═══ SOURCE DATA
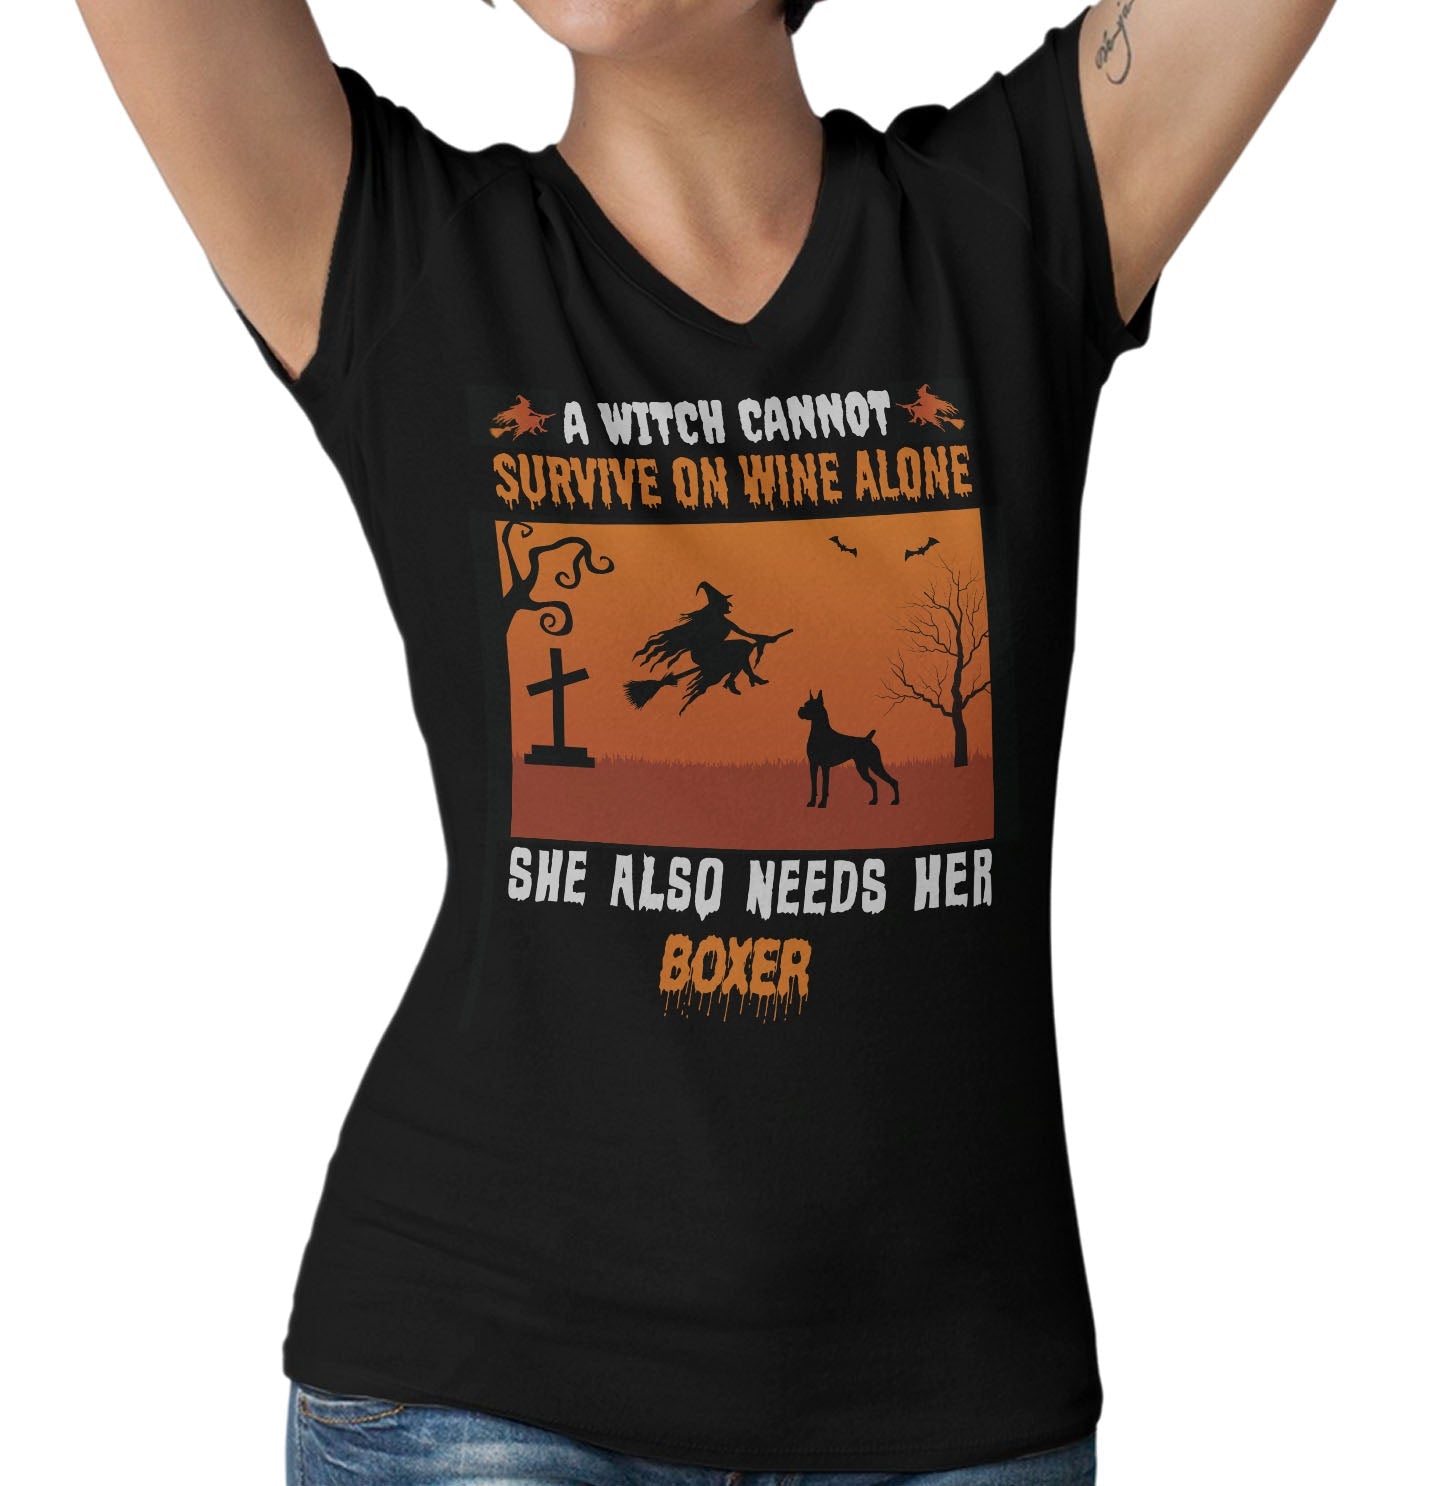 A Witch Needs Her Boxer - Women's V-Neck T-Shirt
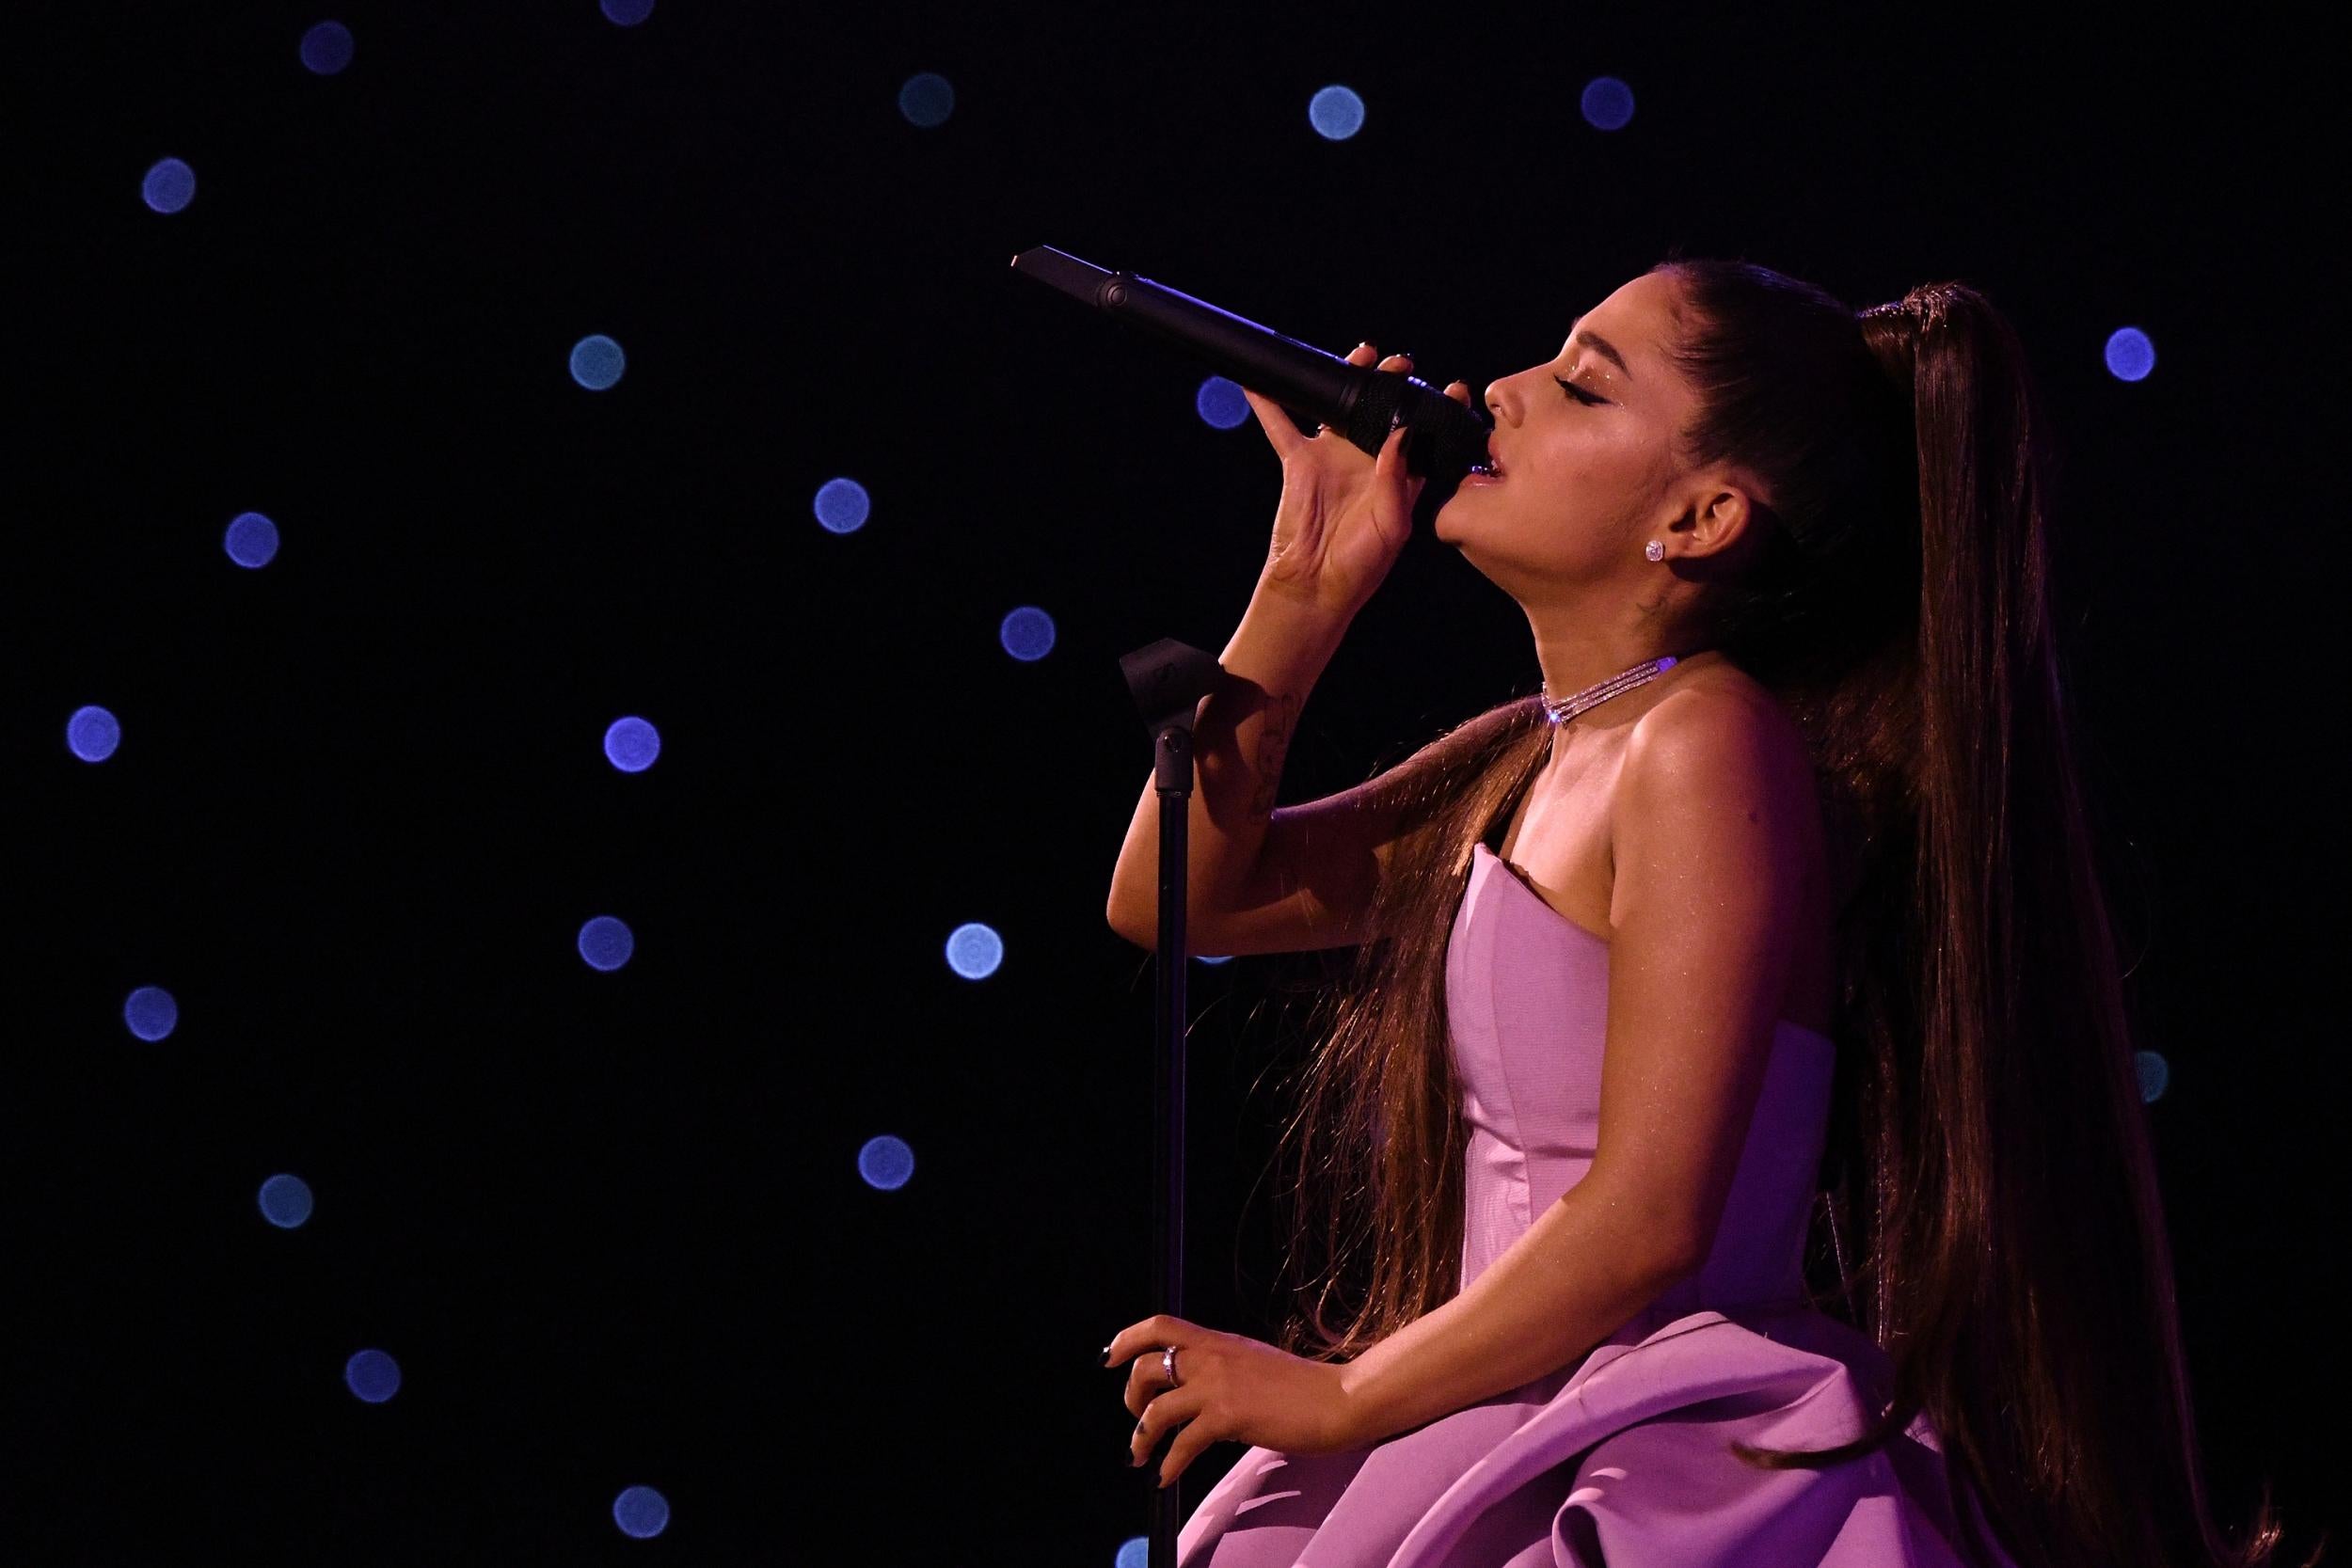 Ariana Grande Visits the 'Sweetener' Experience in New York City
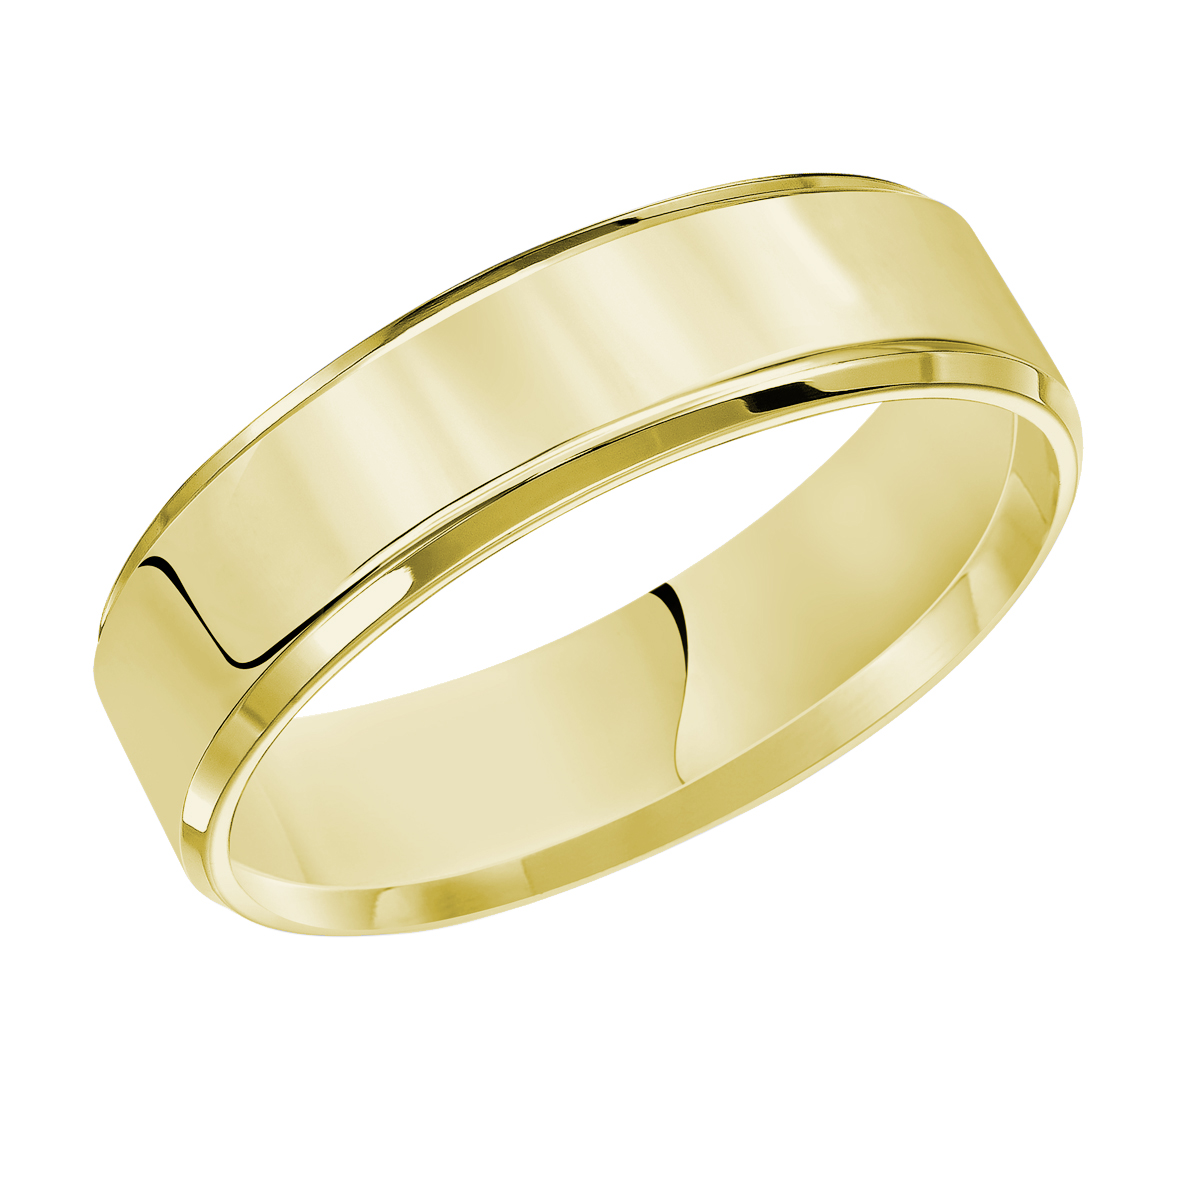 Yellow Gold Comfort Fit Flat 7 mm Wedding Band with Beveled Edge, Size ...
══════
> WORK REQUIRED
Write out the listing above exactly, images omitted.

> RESPONSE TO THE TASK
 A Witch Needs Her Boxer - Women's V-Neck T-Shirt
 Ariana Grande Visits the 'Sweetener' Experience in New York City
 Yellow Gold Comfort Fit Flat 7 mm Wedding Band with Beveled Edge, Size ...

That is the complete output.